Task to carry out: An exact copy of each line below is needed, with no images in it.

Stored records:
○ ○ ○ ○ ○

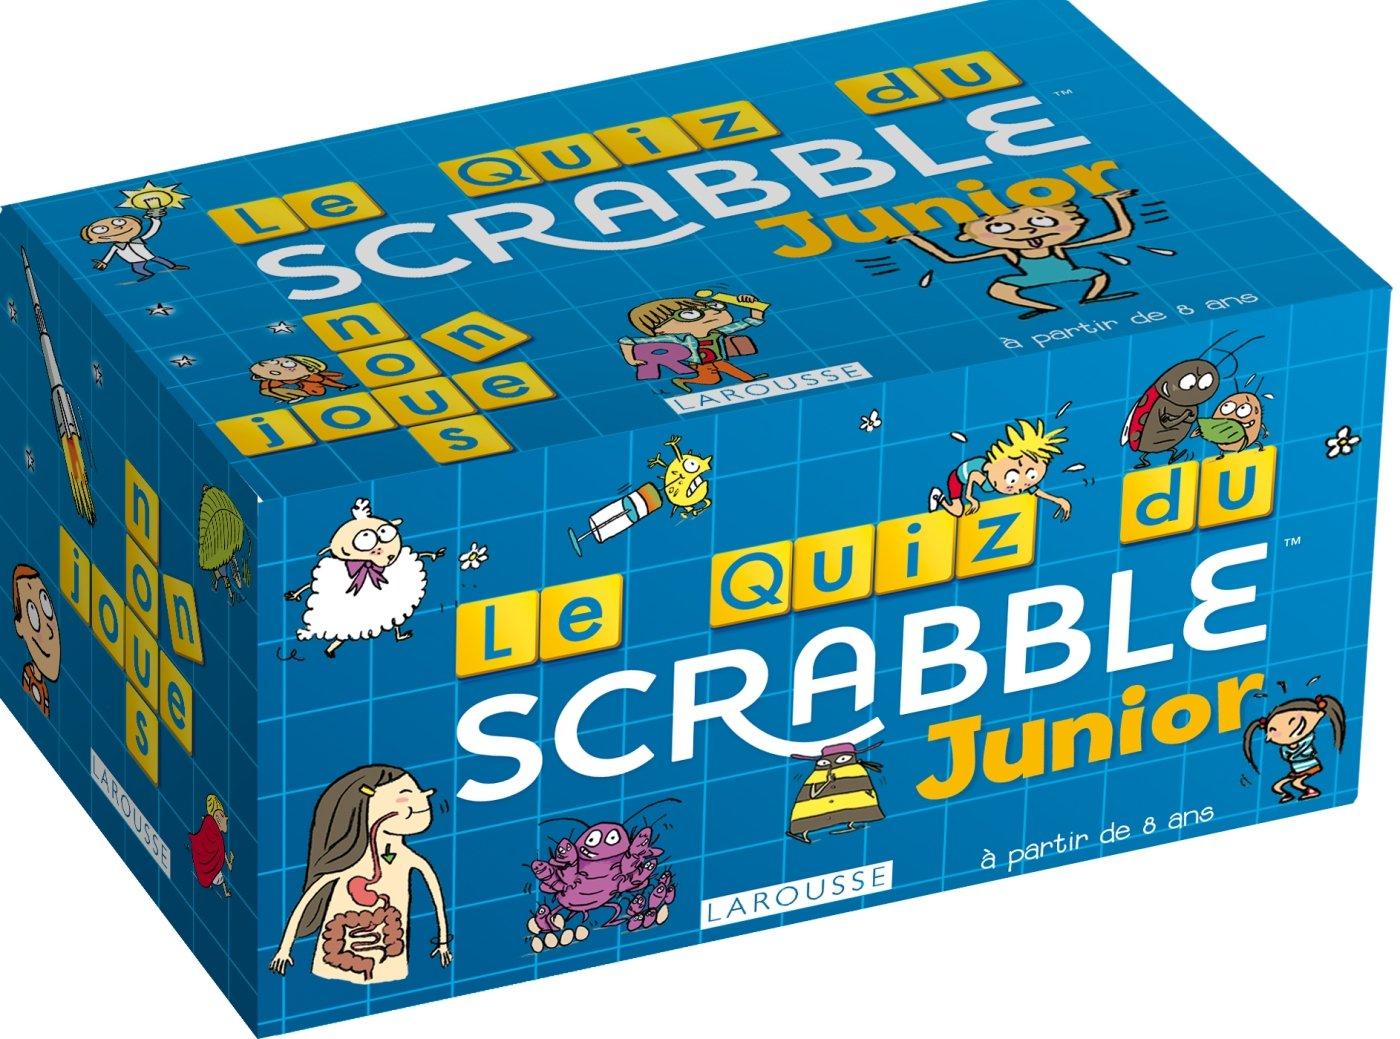 Le Quiz du Scrabble Junior© (Boîtes Quiz): Amazon.es: Meyer, Aurore, MaY: Libros en idiomas extranjeros
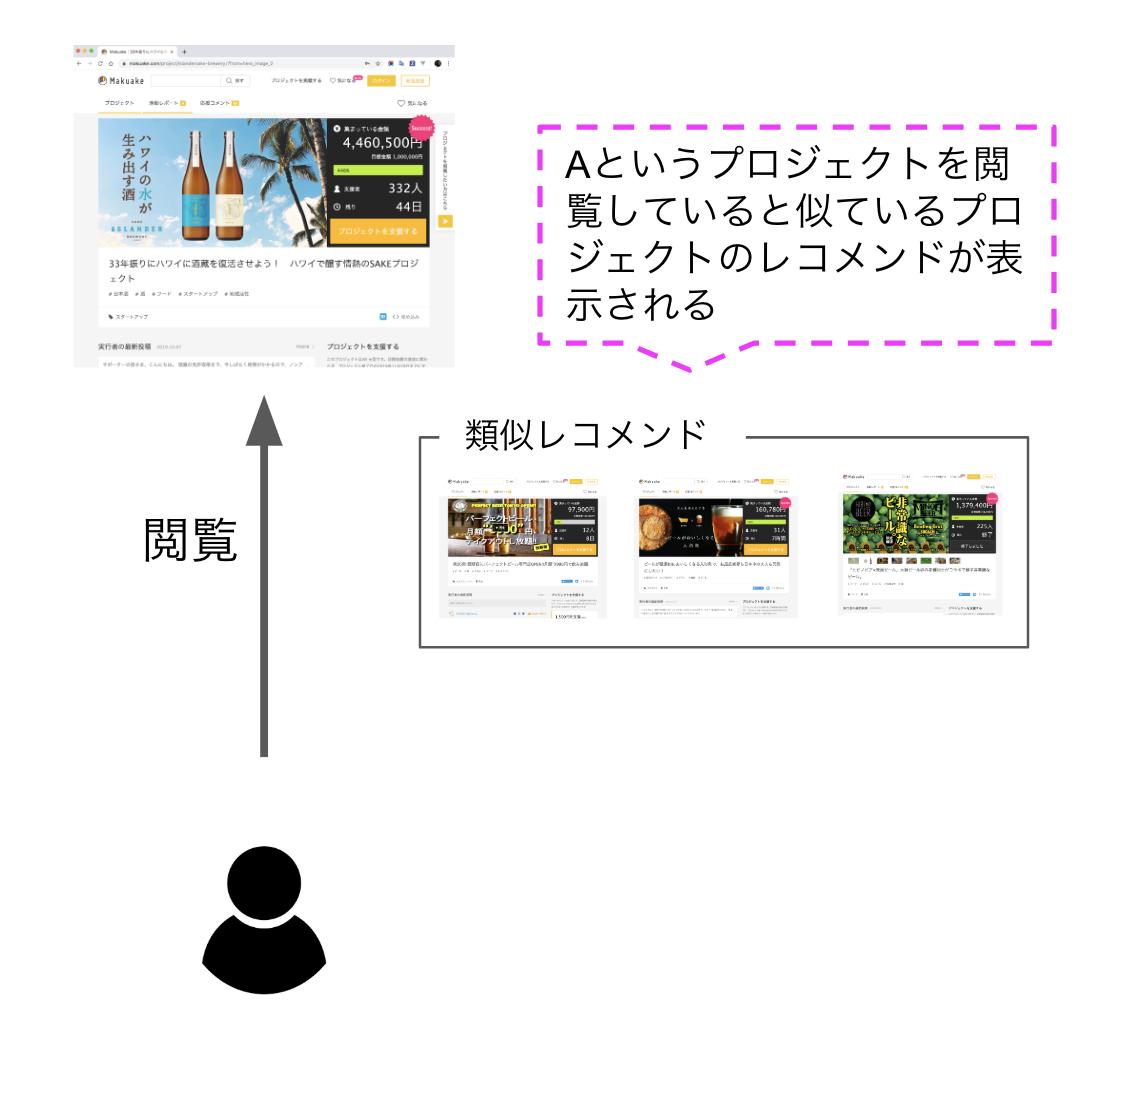 f:id:tsuyoshi_nakamura:20191021101506p:plain
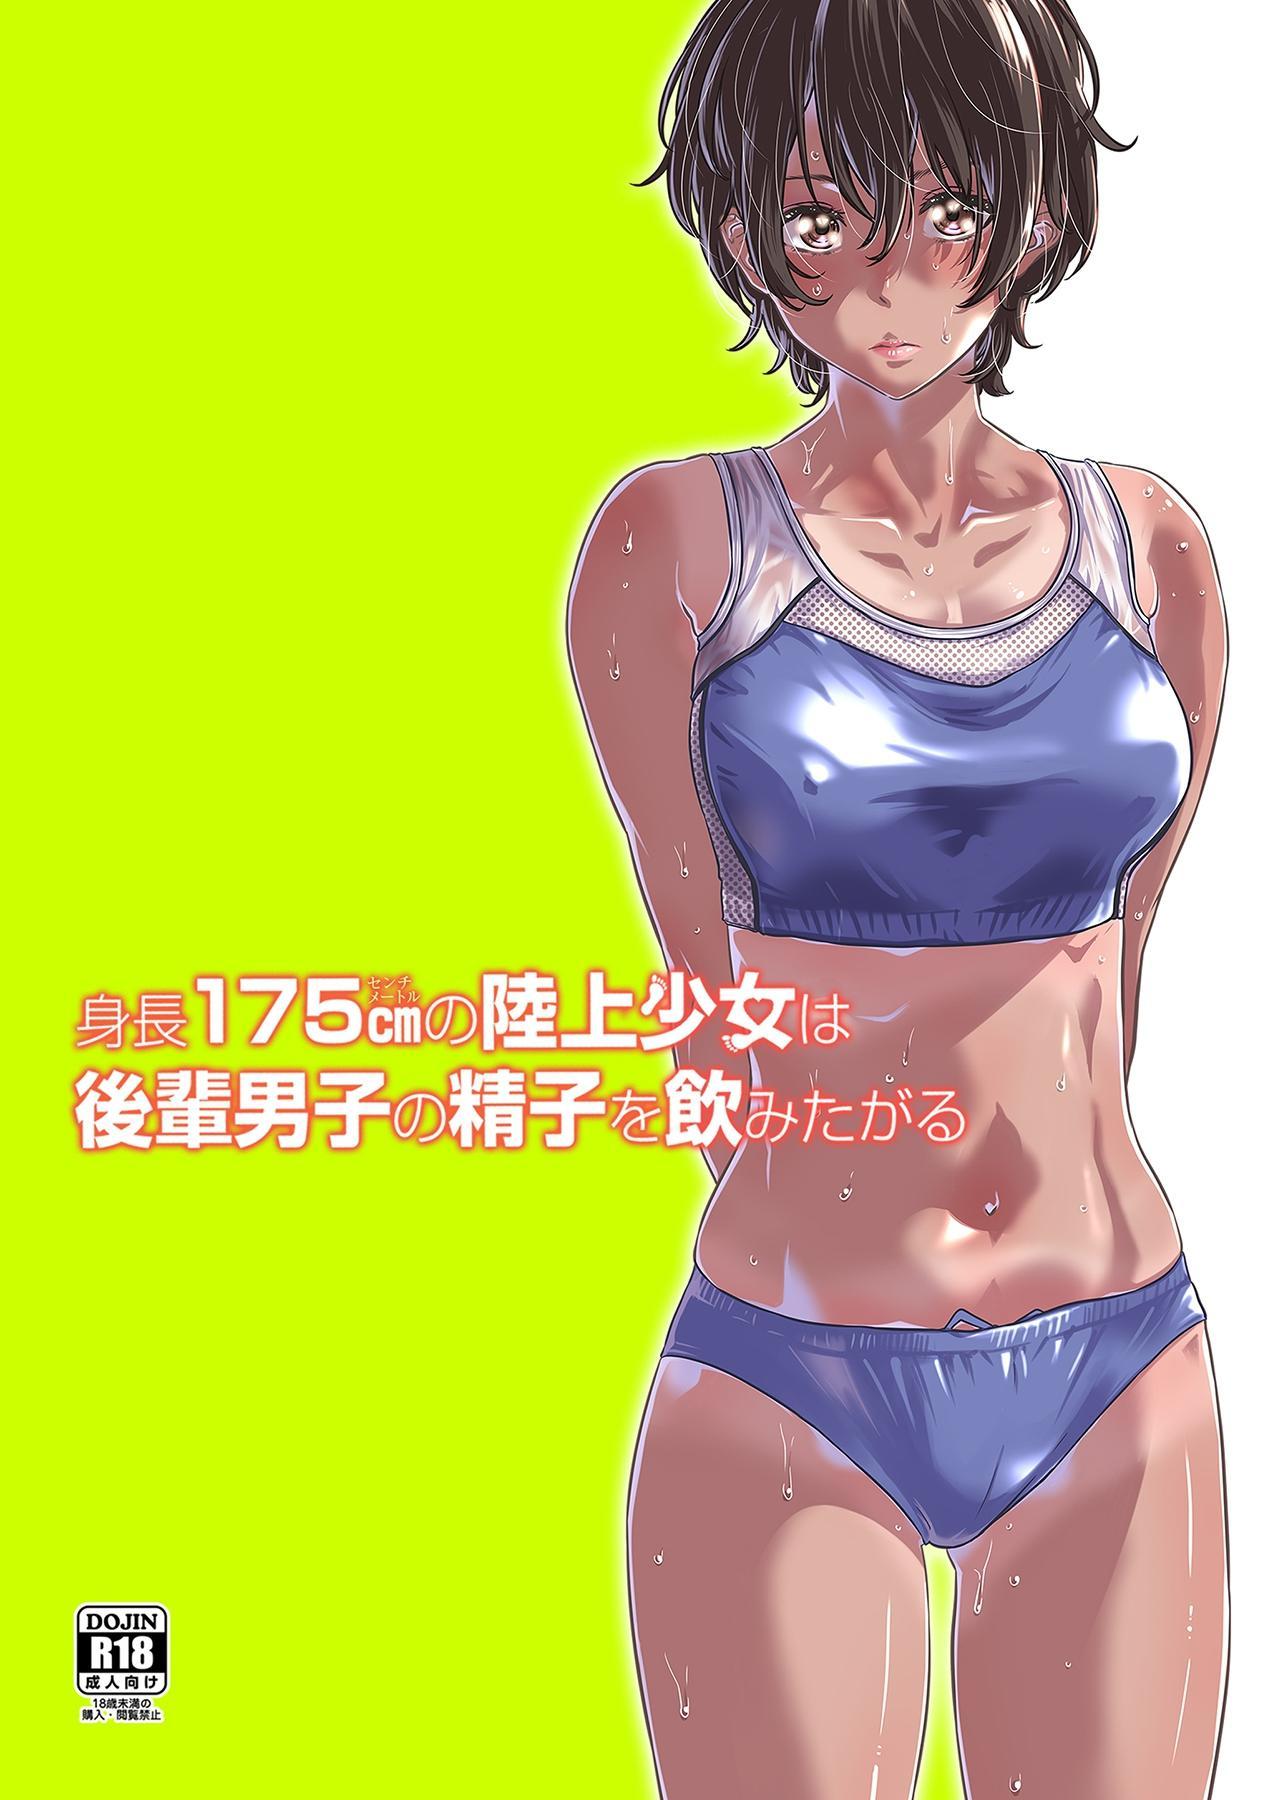 Shinchou 175cm no Rikujou Shoujo wa Kouhai Danshi no Seishi o Nomitagaru 0
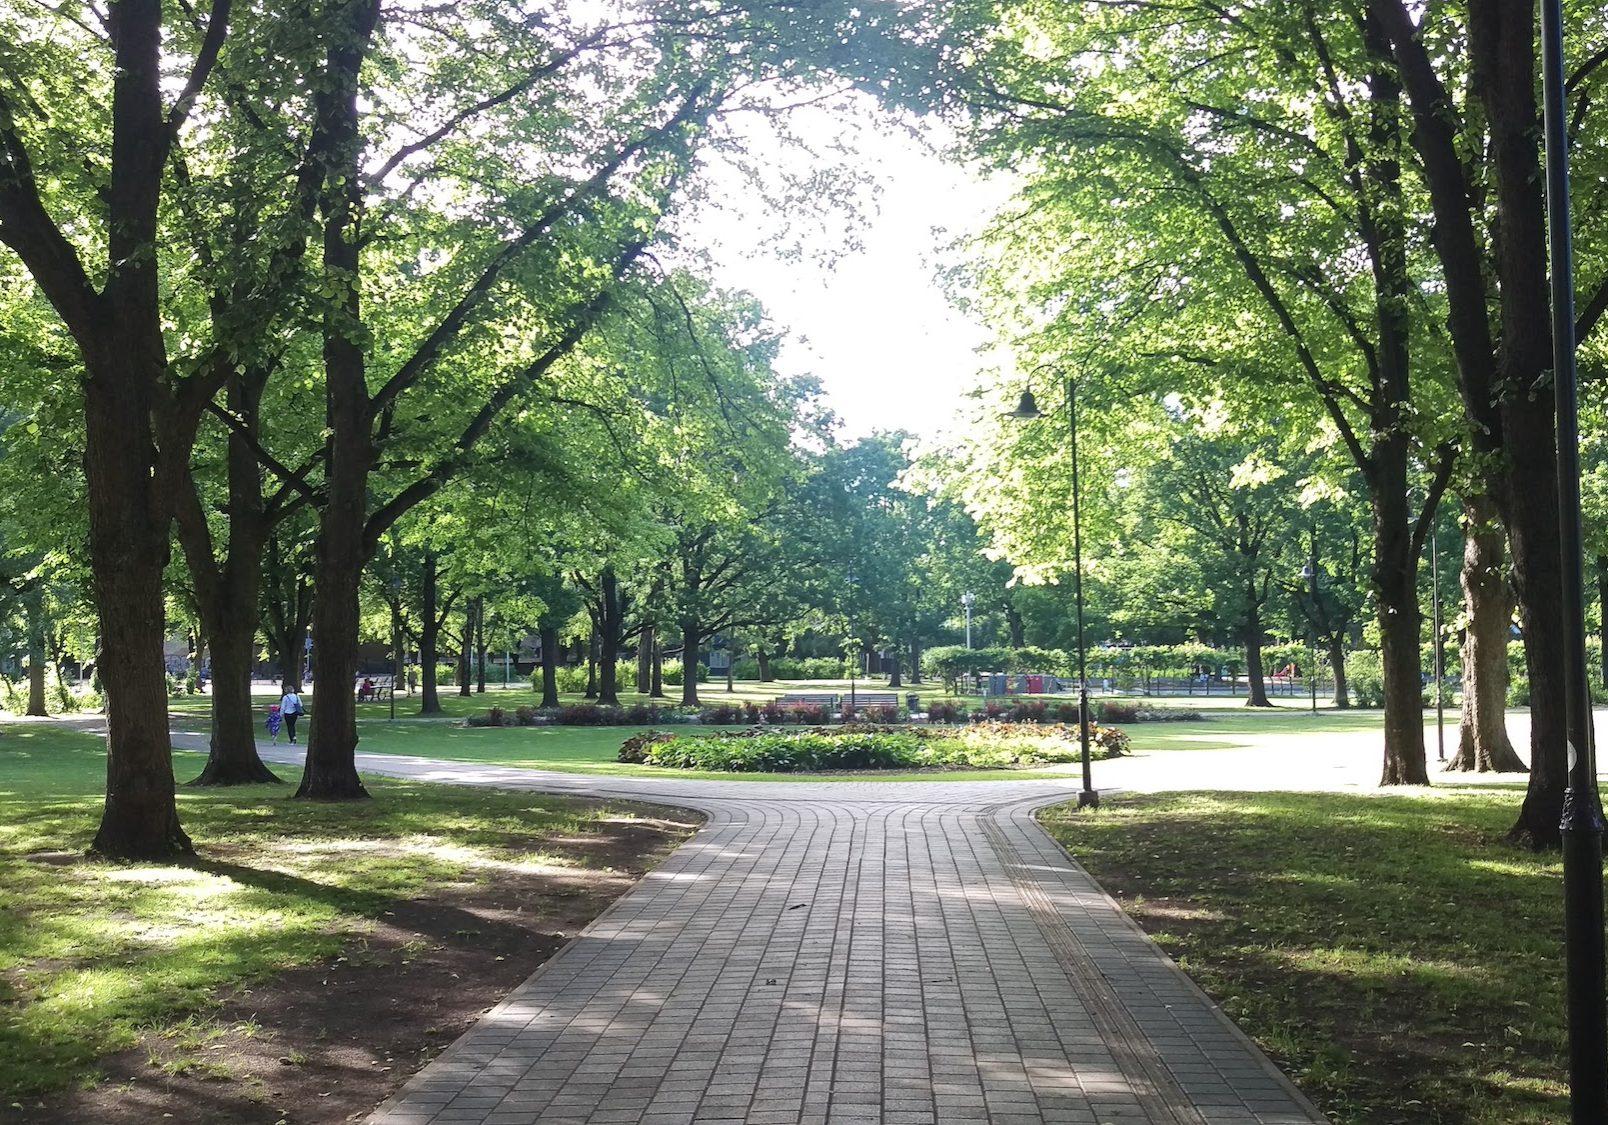 Ziedoņdārzs garden park is a great place for running
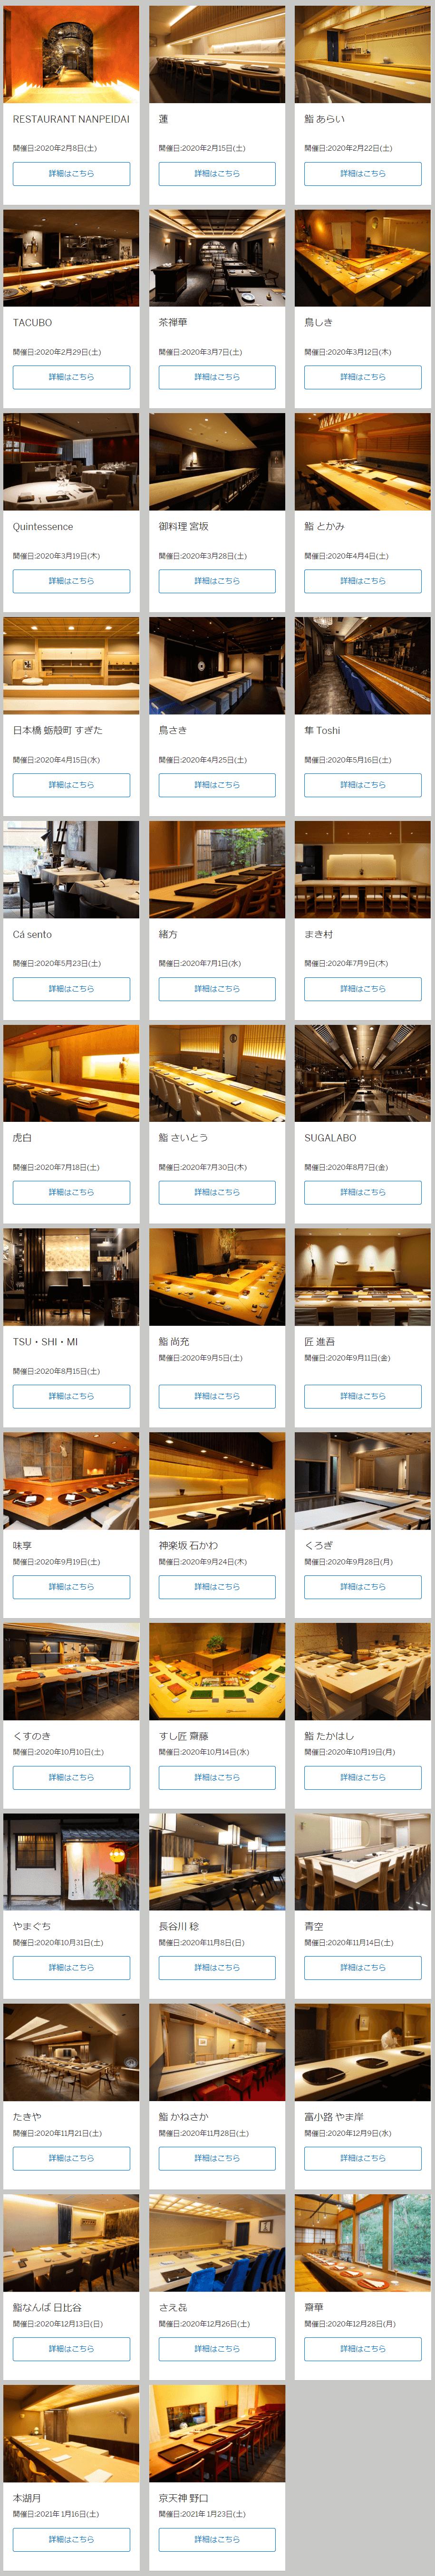 日本の極 KIWAMI 50の開催店舗例

○ ○ ○ ○ ○

Answer space:
 Le Quiz du Scrabble Junior© (Boîtes Quiz): Amazon.es: Meyer, Aurore, MaY: Libros en idiomas extranjeros
 f:id:tsuyoshi_nakamura:20191021101506p:plain
 Shinchou 175cm no Rikujou Shoujo wa Kouhai Danshi no Seishi o Nomitagaru 0
 Ziedoņdārzs garden park is a great place for running
 日本の極 KIWAMI 50の開催店舗例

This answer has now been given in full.